Desde hace mucho tiempo, esperaba que me viniera la inspiración. Pero no llegaba, hasta que esa noche descorrí las cortinas de ese despacho en penumbras y me iluminó una luna que estaba cruzando el cielo.
Prendí la luz y el ordenador, y comencé a teclear en el viejo PC de mi marido para decir que este libro está escrito por una persona que ya no existe en este plano corporal, pero que en un momento de su vida sintió un encargo: el de redactar lo que tenéis entre vuestras manos, supongo que en el momento justo y necesario, como diría él; y que será leido por las personas que tengan que leerlo.
En la ventana, la luna seguía cruzando el cielo y estas breves palabras me eran dictadas mientras las escribía. Porque así es la vida. ¿Cuesta entenderlo, verdad? Una afirmación tan simple y que se tenga que estar tan evolucionado para comprender su PLENO significado.
A veces las letras son espinas y la pasión son flores.
Espero que estas líneas os sirvan para que os guíen en vuestras vidas, tal y como han ayudado mi existencia.
La misión que se me encomendó se hará realidad en el momento en que cada uno de vosotros descubra la obra de una persona que tuvo el encargo de transmitir un mensaje de luz. Espero que os sea útil para salir de la oscuridad, que esta lectura sea una guía personal para vuestra evolución. Espero que así sea y que podáis superar todas esas oscuridades que sobrevuelan nuestras almas.

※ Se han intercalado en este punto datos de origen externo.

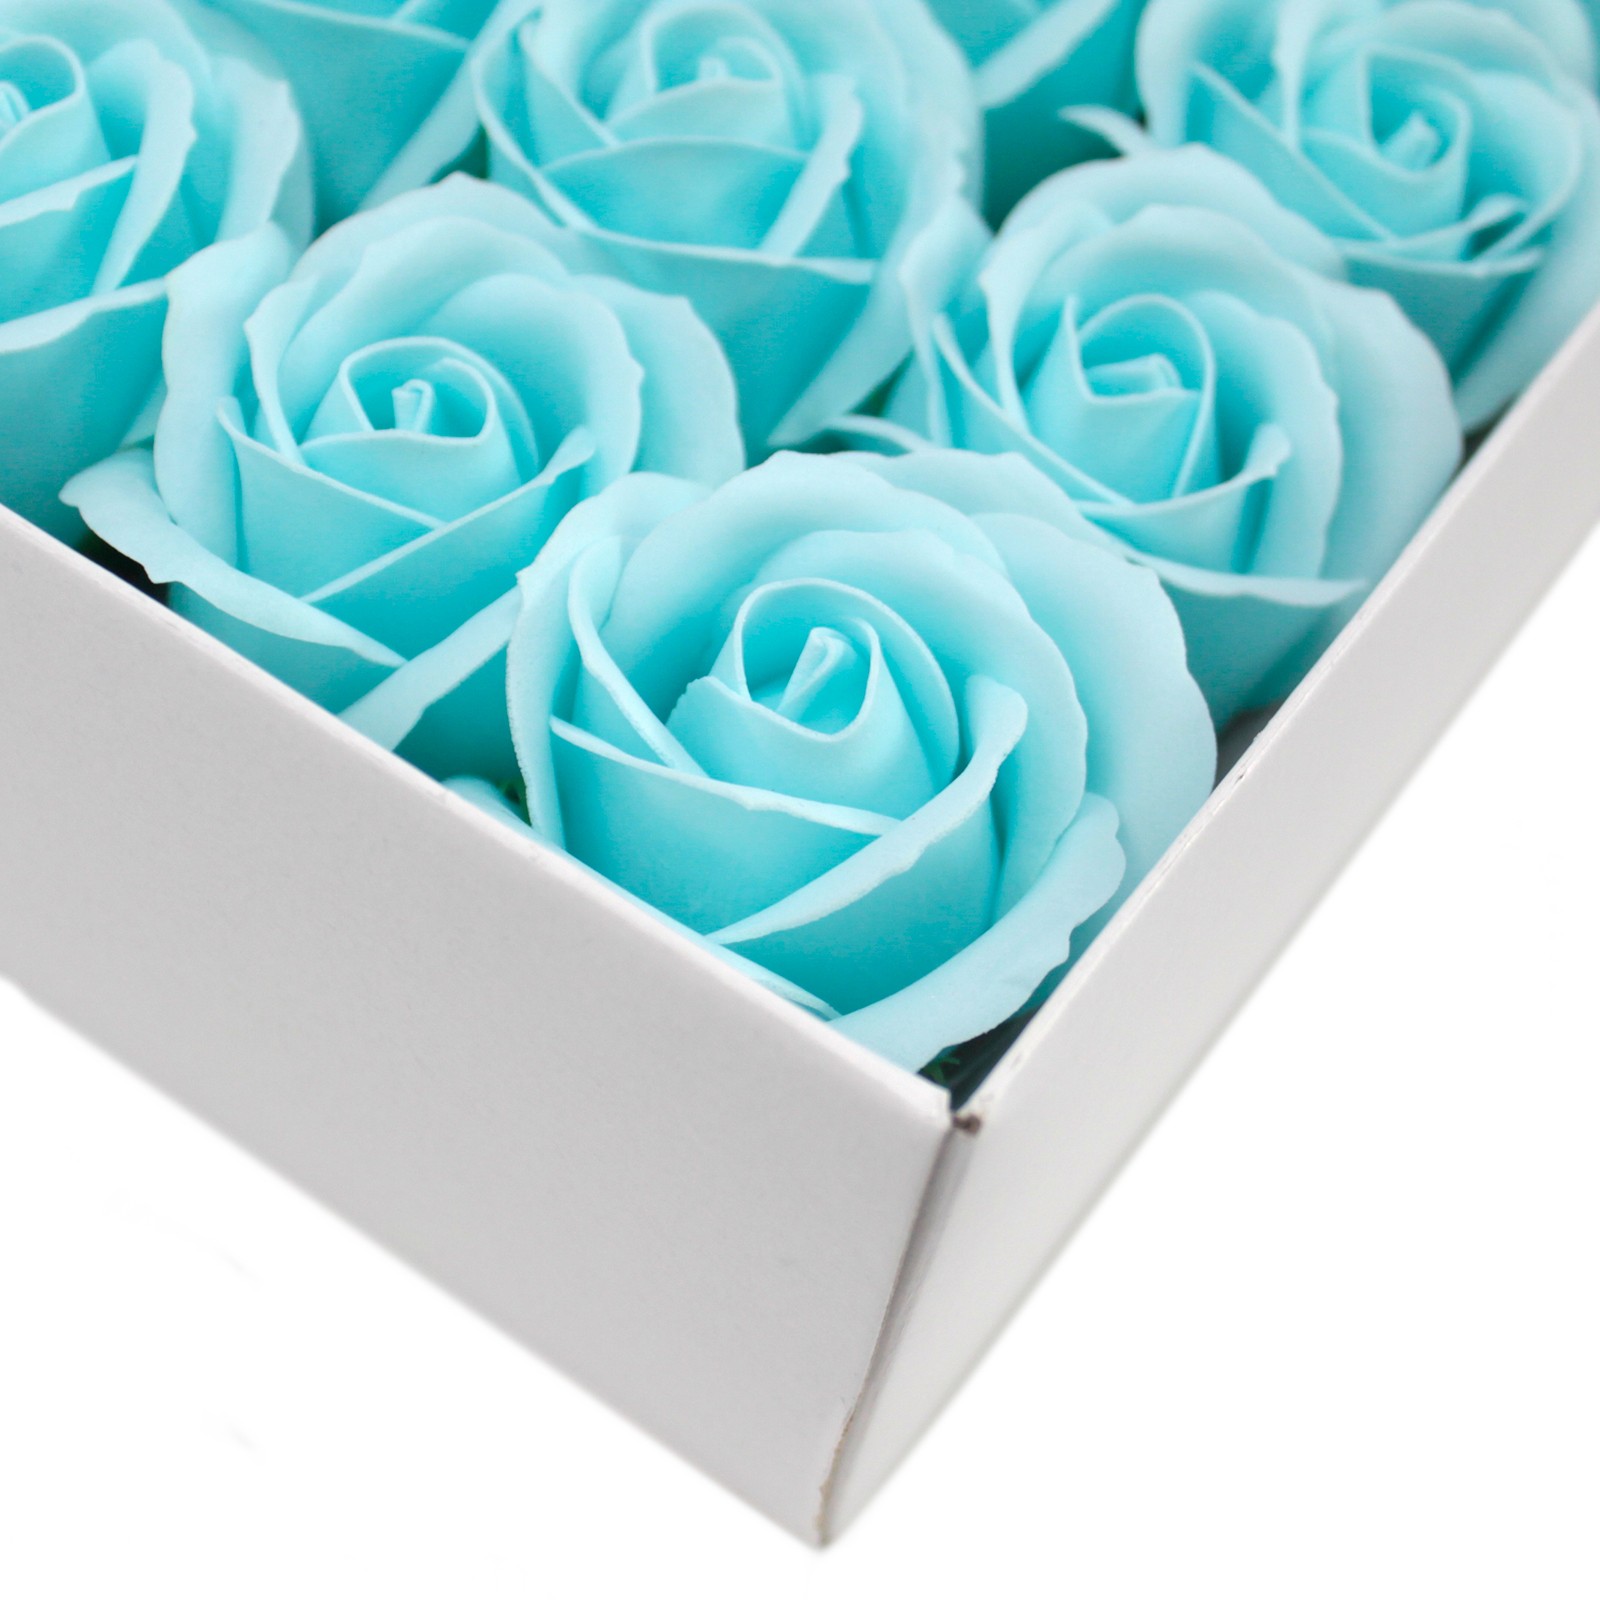 10 x Craft Soap Flowers - Med Rose - Baby Blue

Me gustaría que este libro estuviera dedicado a todas esas personas que se cruzaron y compartieron su vida y le quisieron de alguna manera. A todos ellos, que Dios los bendiga.
Paquita Muria
Primera parte
El lago del amor
1
Recuerdo con nostalgia los momentos felices de mi infancia que viví con la familia y los amigos: los juegos, las risas, la inocencia de aquel momento de mi vida... y los sueños. Yo era un niño con mucha imaginación, quizá más que los demás, pues, sin saberlo, estaba canalizando mi propia energía interior. Una de las cosas que más me gustaba era escuchar a la gente de mi entorno. Lo pasaba muy bien en las reuniones de los padres y de otras personas mayores. Hablaban de sus problemas, de sus inquietudes ante la vida dura que muchas veces les tocaba sufrir. Y era entonces, sobre todo, cuando sentía algo diferente dentro de mí. Me veía como el salvador de todos sus males. Deseaba incluso que sus dolencias vinieran a mí y así se lo pedía a Dios.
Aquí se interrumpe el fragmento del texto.